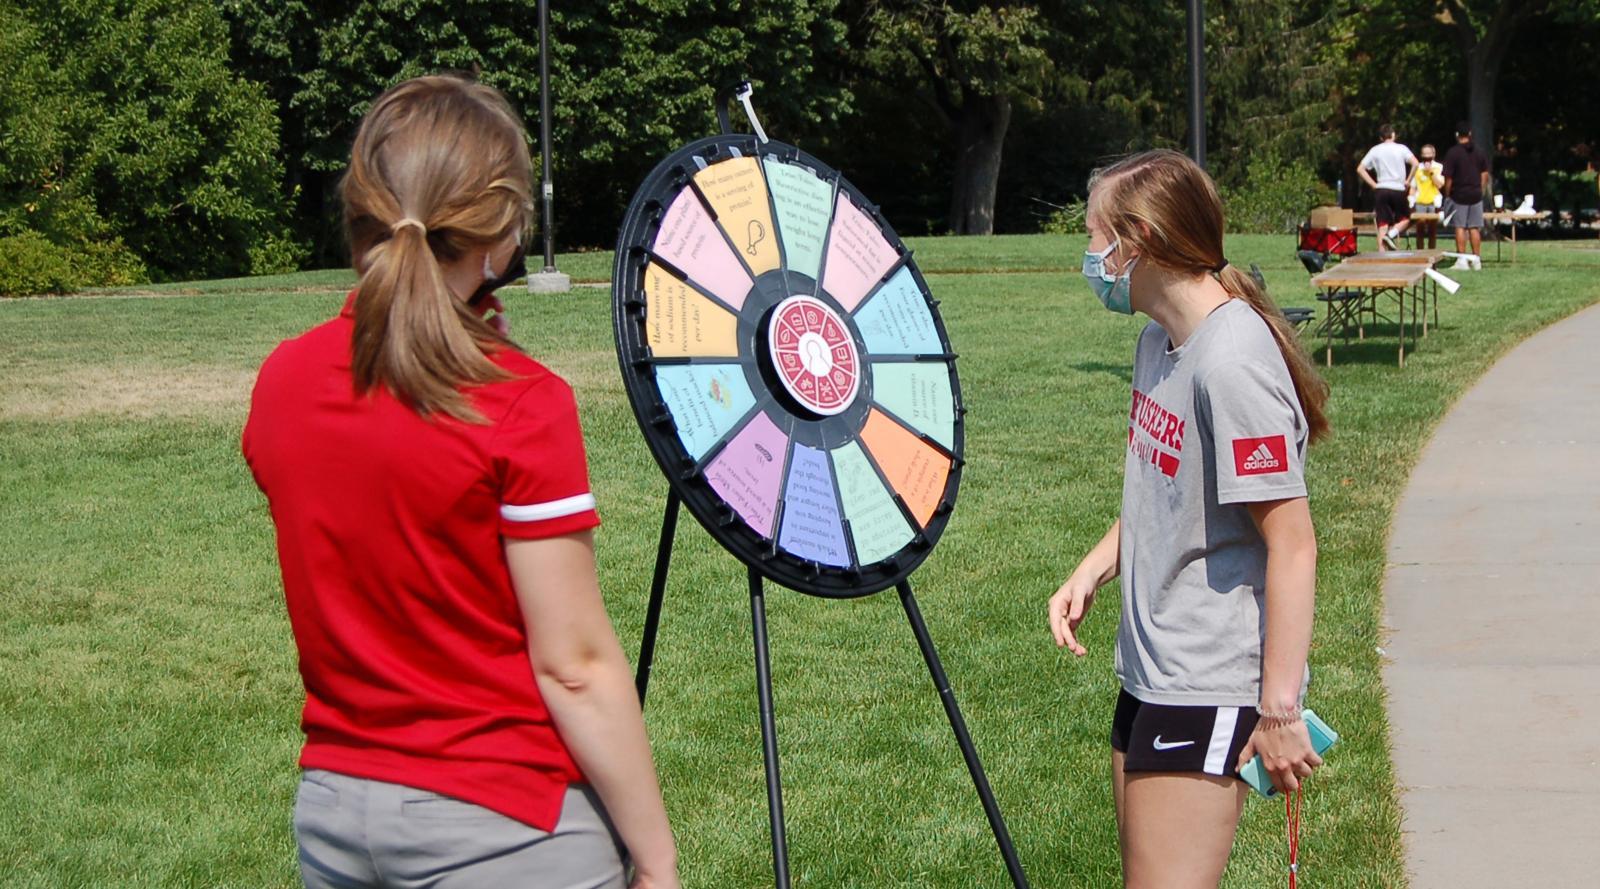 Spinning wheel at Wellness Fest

...

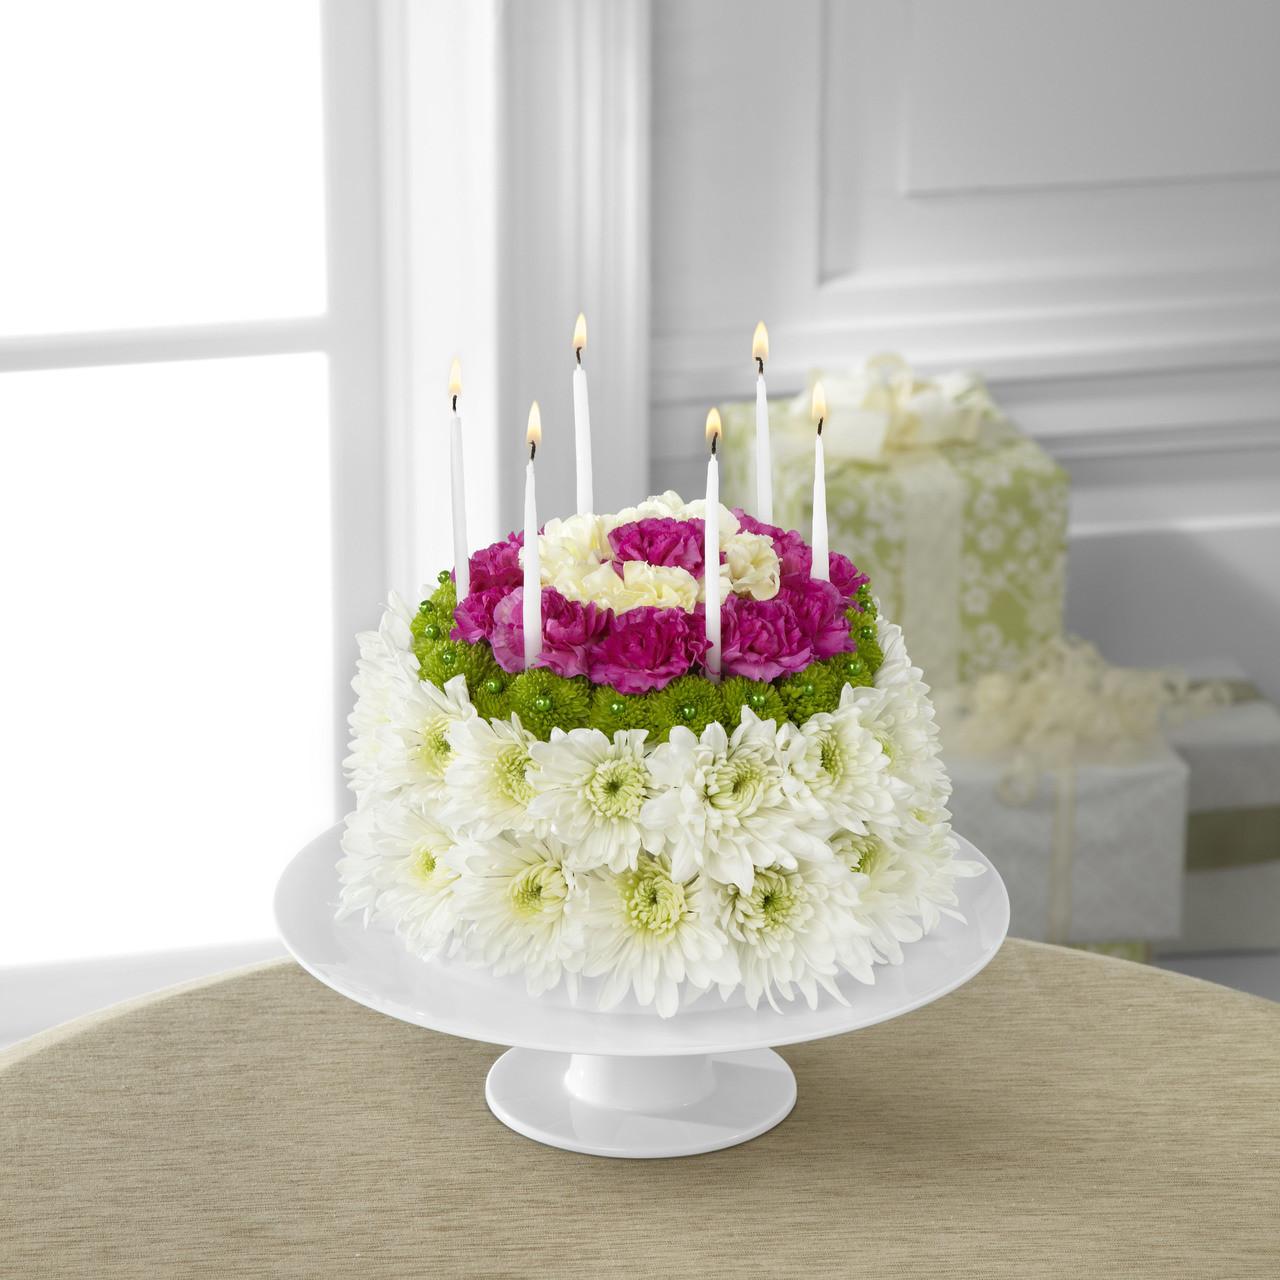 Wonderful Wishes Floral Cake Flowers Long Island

--

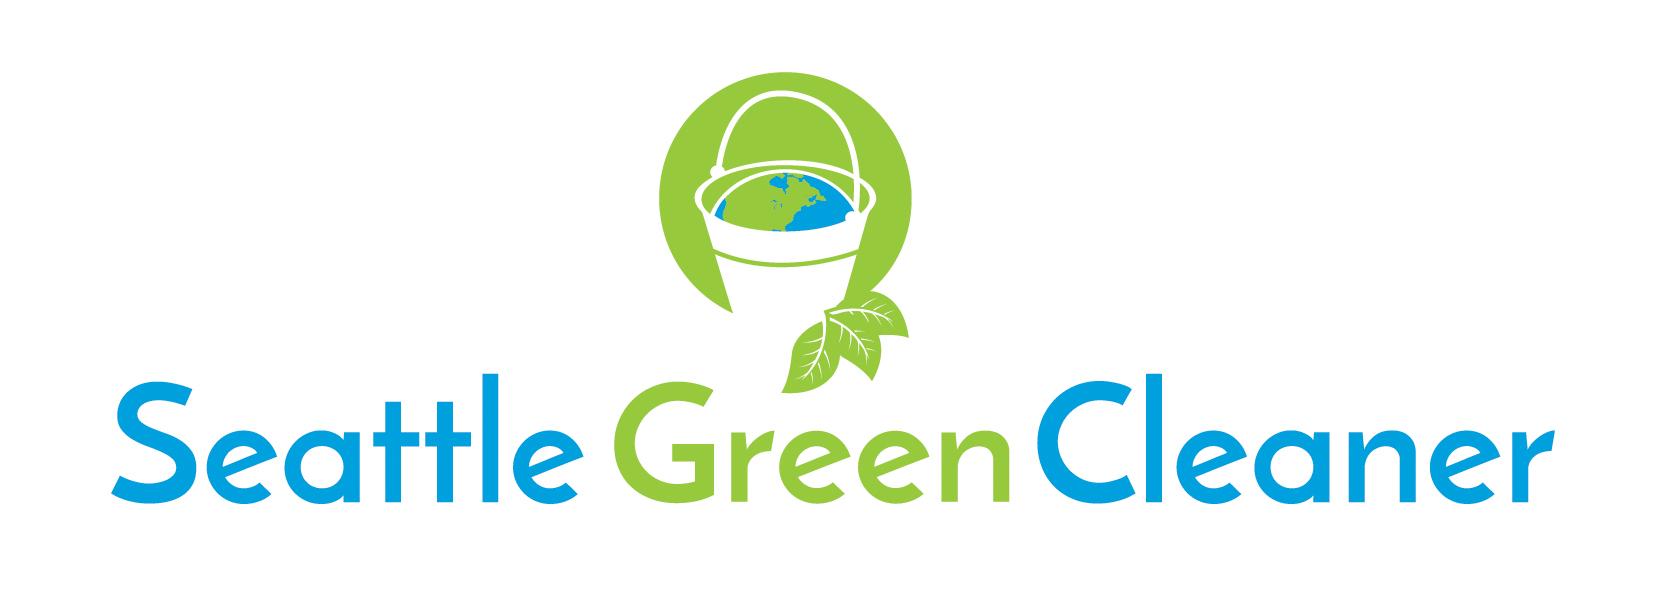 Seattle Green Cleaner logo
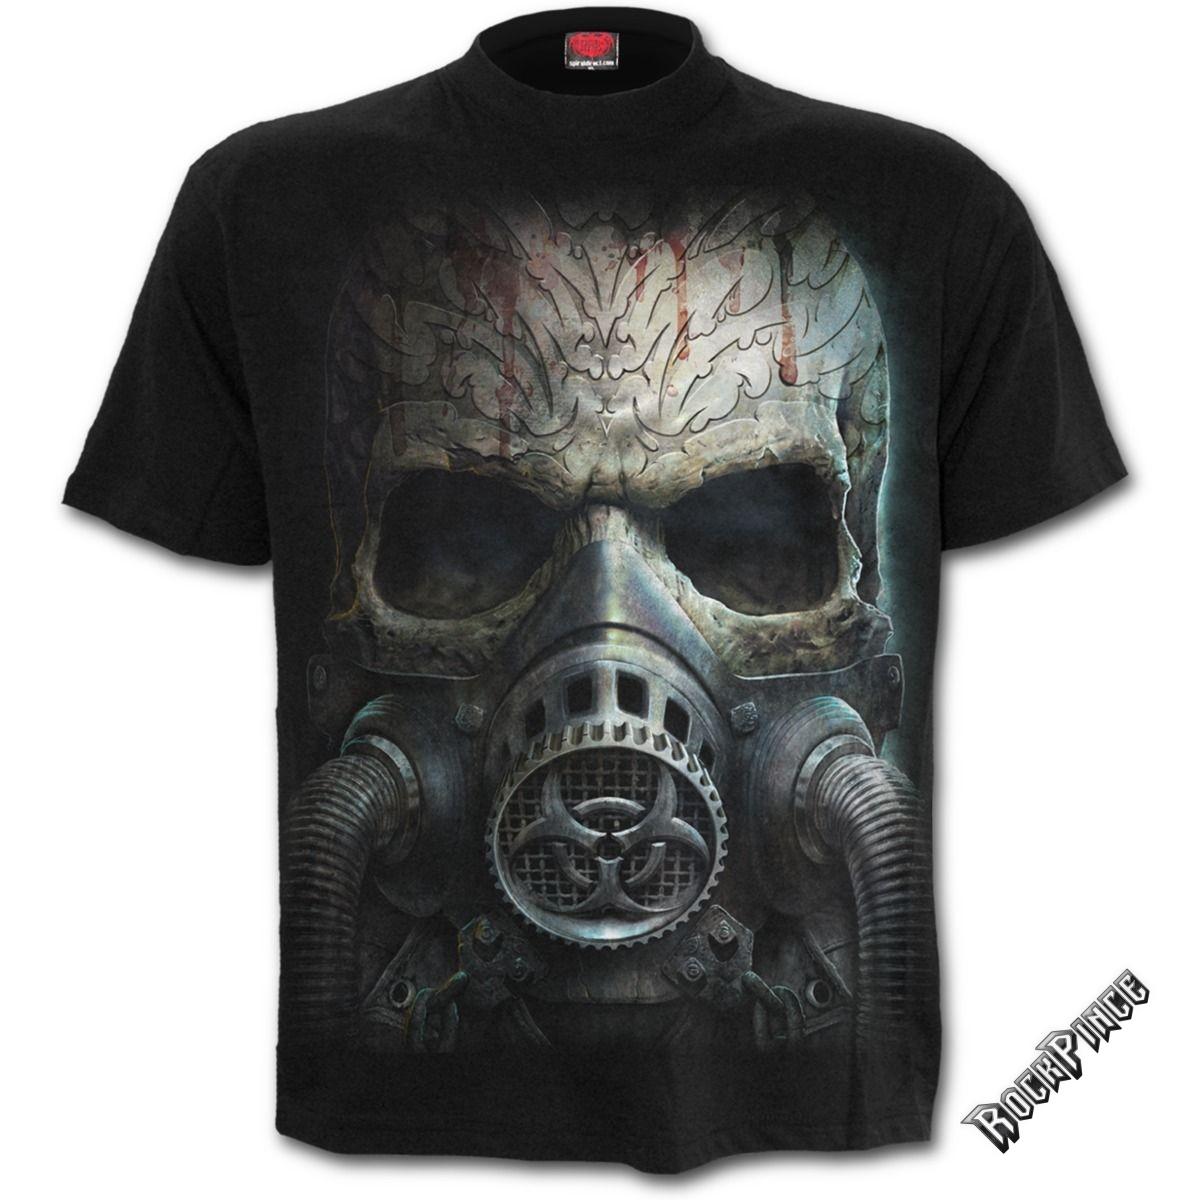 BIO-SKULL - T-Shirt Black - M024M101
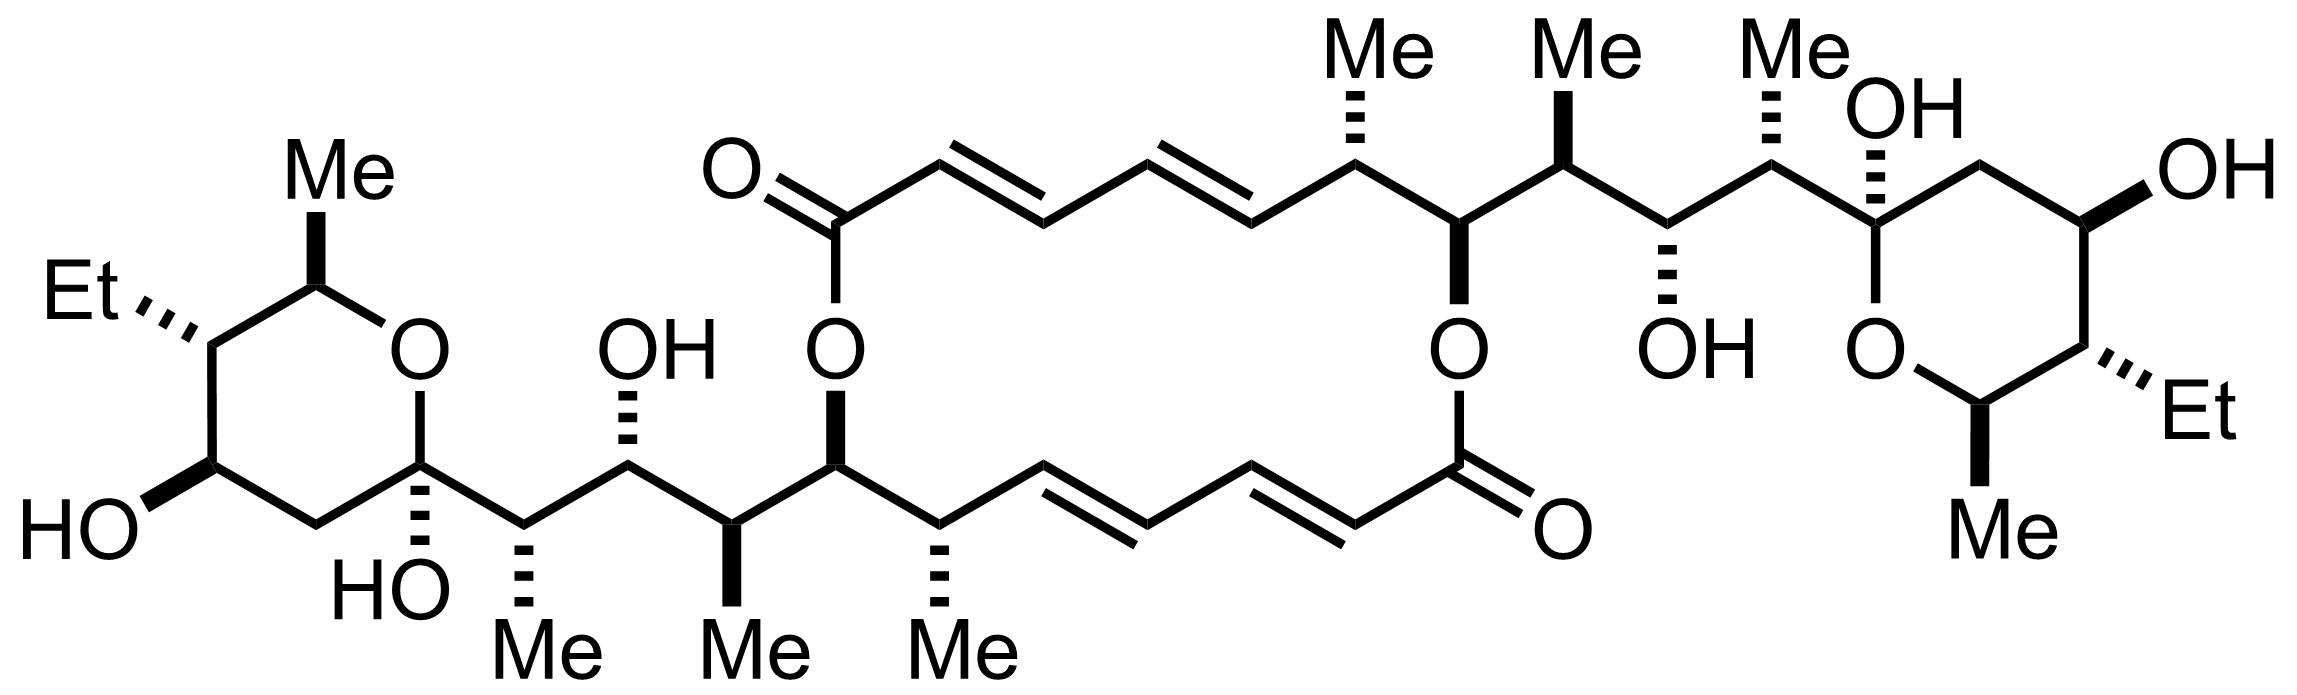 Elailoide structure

**What to work on**
Line for line, output the entries above from the line with "BIO-SKULL - T-Shirt Black - M024M101" to the line with "Elailoide structure", both included, and nothing more. Skip pictures.

**Completed exercise**
 BIO-SKULL - T-Shirt Black - M024M101
 Elailoide structure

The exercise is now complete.